Given a non-zero UInt8, I would like to randomly and uniformly select the index of a bit that is one. For example, if I get UInt8(14), the bitstring would be 00001110, and thus it would return UInt8(2), UInt8(3), and UInt8(4) at a uniform rate. My solution thus far has been

- Select a number from one to the number of ones in the inputted UInt8
- Find the index of the bit corresponding to that many ones (from the right)
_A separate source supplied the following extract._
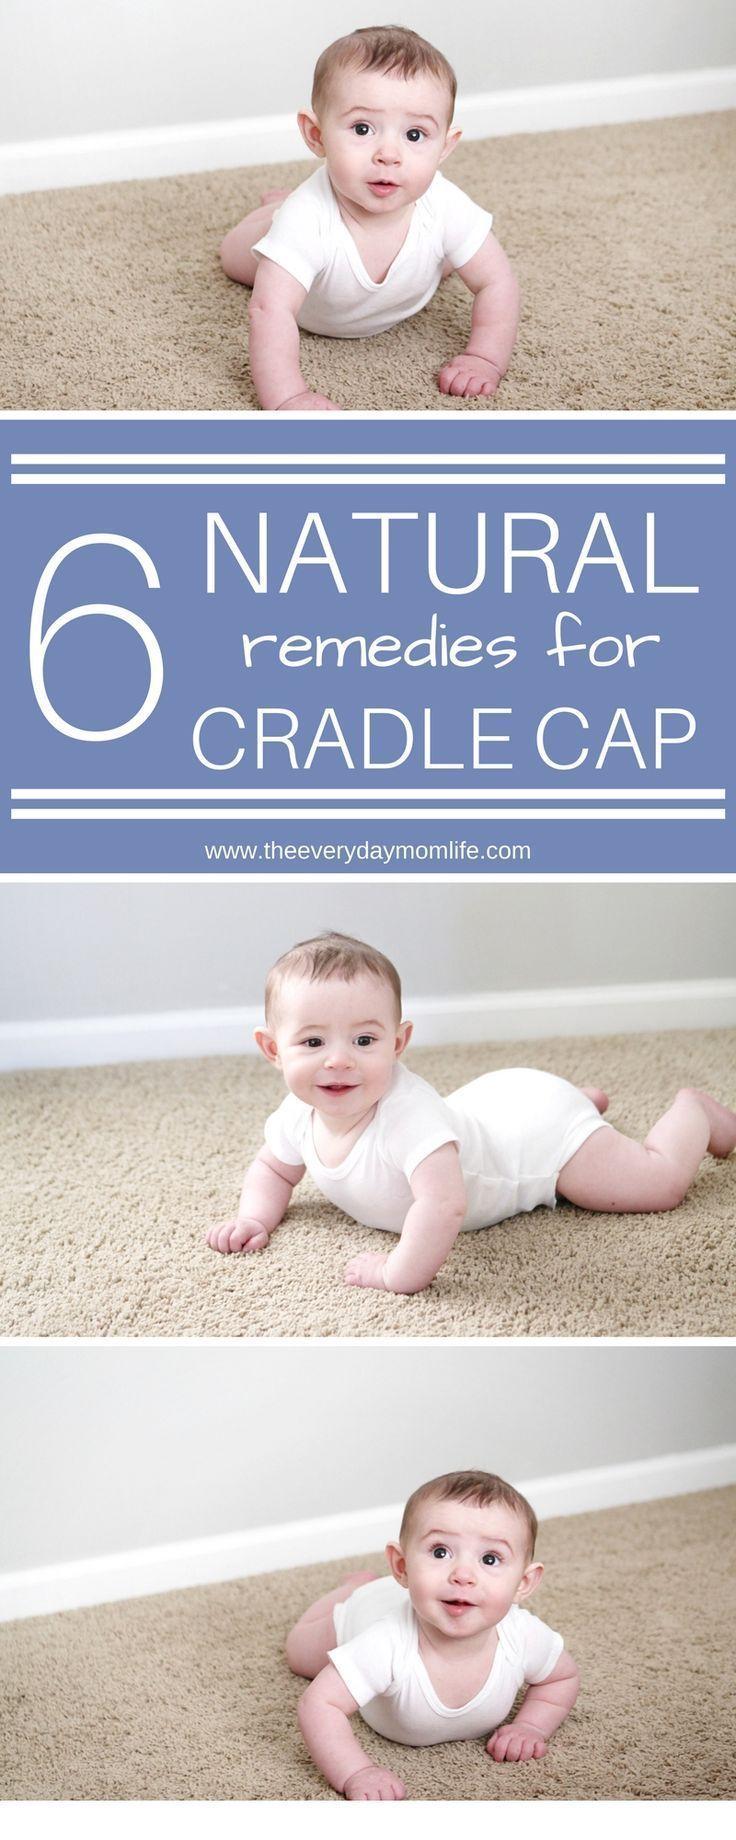 acd2377661b 6 Natural Remedies For Cradle Cap

This second step is similar to the bit twiddling hack shown here: Bit Twiddling Hacks but this is built very much with 64-bit integers in mind so I spun my own. Here’s my solution so far:

```
const rng = Xoshiro()
# step 2
@inline function get_decisions(d1::UInt8, d2::UInt8, i::UInt8, j::UInt8)
to_return_1, to_return_2 = 0x08, 0x08
for n = 0x00:0x06
to_return_1 -= isodd(d1 >> n) &&
Base.ctpop_int(d1 >> n) == i ? 0x07 - n : 0x00
to_return_2 -= isodd(d2 >> n) &&
Base.ctpop_int(d2 >> n) == j ? 0x07 - n : 0x00
end
return to_return_1, to_return_2
end
# step 1
function select_random_decision(d1::UInt8, d2::UInt8)
a, b = Base.ctpop_int(d1), Base.ctpop_int(d2)
return get_decisions(d1, d2,
a == 0x01 ? 0x01 :
a == 0x02 ? rand(rng, (0x01, 0x02)) :
a == 0x03 ? rand(rng, (0x01, 0x02, 0x03)) :
a == 0x04 ? rand(rng, (0x01, 0x02, 0x03, 0x04)) : rand(rng, 0x01:a),
b == 0x01 ? 0x01 :
b == 0x02 ? rand(rng, (0x01, 0x02)) :
b == 0x03 ? rand(rng, (0x01, 0x02, 0x03)) :
b == 0x04 ? rand(rng, (0x01, 0x02, 0x03, 0x04)) : rand(rng, 0x01:b)
)
end
```

This can be checked for correctness visually with this plot:

```
using Plots
a = rand(0x01:0xff)
b = rand(0x01:0xff)
N = 1_000_000
results = map(x -> select_random_decision(a, b), 1:N)
histogram(map(x -> results[x][1], 1:N) .- 1/8, xlims = (0, 9), label = "",
xticks = (1:8, reverse(split(bitstring(a), "")) .* reverse(split(bitstring(b), ""))),
bar_width = 1/4)
histogram!(map(x -> results[x][2], 1:N) .+ 1/8, label = "", bar_width = 1/4,
dpi = 300, format = :png, grid = false, yaxis = false, yticks = [],
bgcolor = :transparent)
```

and benchmarked with this:

```
using BenchmarkTools
@benchmark select_random_decision(a, b) setup = (a = rand(0x01:0xff); b = rand(0x01:0xff))
```

```
BenchmarkTools.Trial:
memory estimate: 0 bytes
allocs estimate: 0
--------------
minimum time: 10.060 ns (0.00% GC)
median time: 14.625 ns (0.00% GC)
mean time: 14.621 ns (0.00% GC)
maximum time: 22.273 ns (0.00% GC)
--------------
samples: 10000
evals/sample: 999
```

This blog post (What you can learn from accessing an element of an array in Julia) mentions that tuples >= 4 in length are highly optimized for random selection in Julia. This lines up with my benchmarking, as both going to 3 and 5 are slower. However, I don’t understand why this is, since the base Julia seems to have optimizations for 1, 2, 3, and N-sized tuples (lines 500-553 of julia/generation.jl at 0ff49d0457300013f9e802850a49e64569426a0b · JuliaLang/julia · GitHub).

Why do these tuple optimizations work up to 4, can I write my own implementations for 5-8 (8 seems not that far away from 4, perhaps naively), and are there other ways to optimize this function?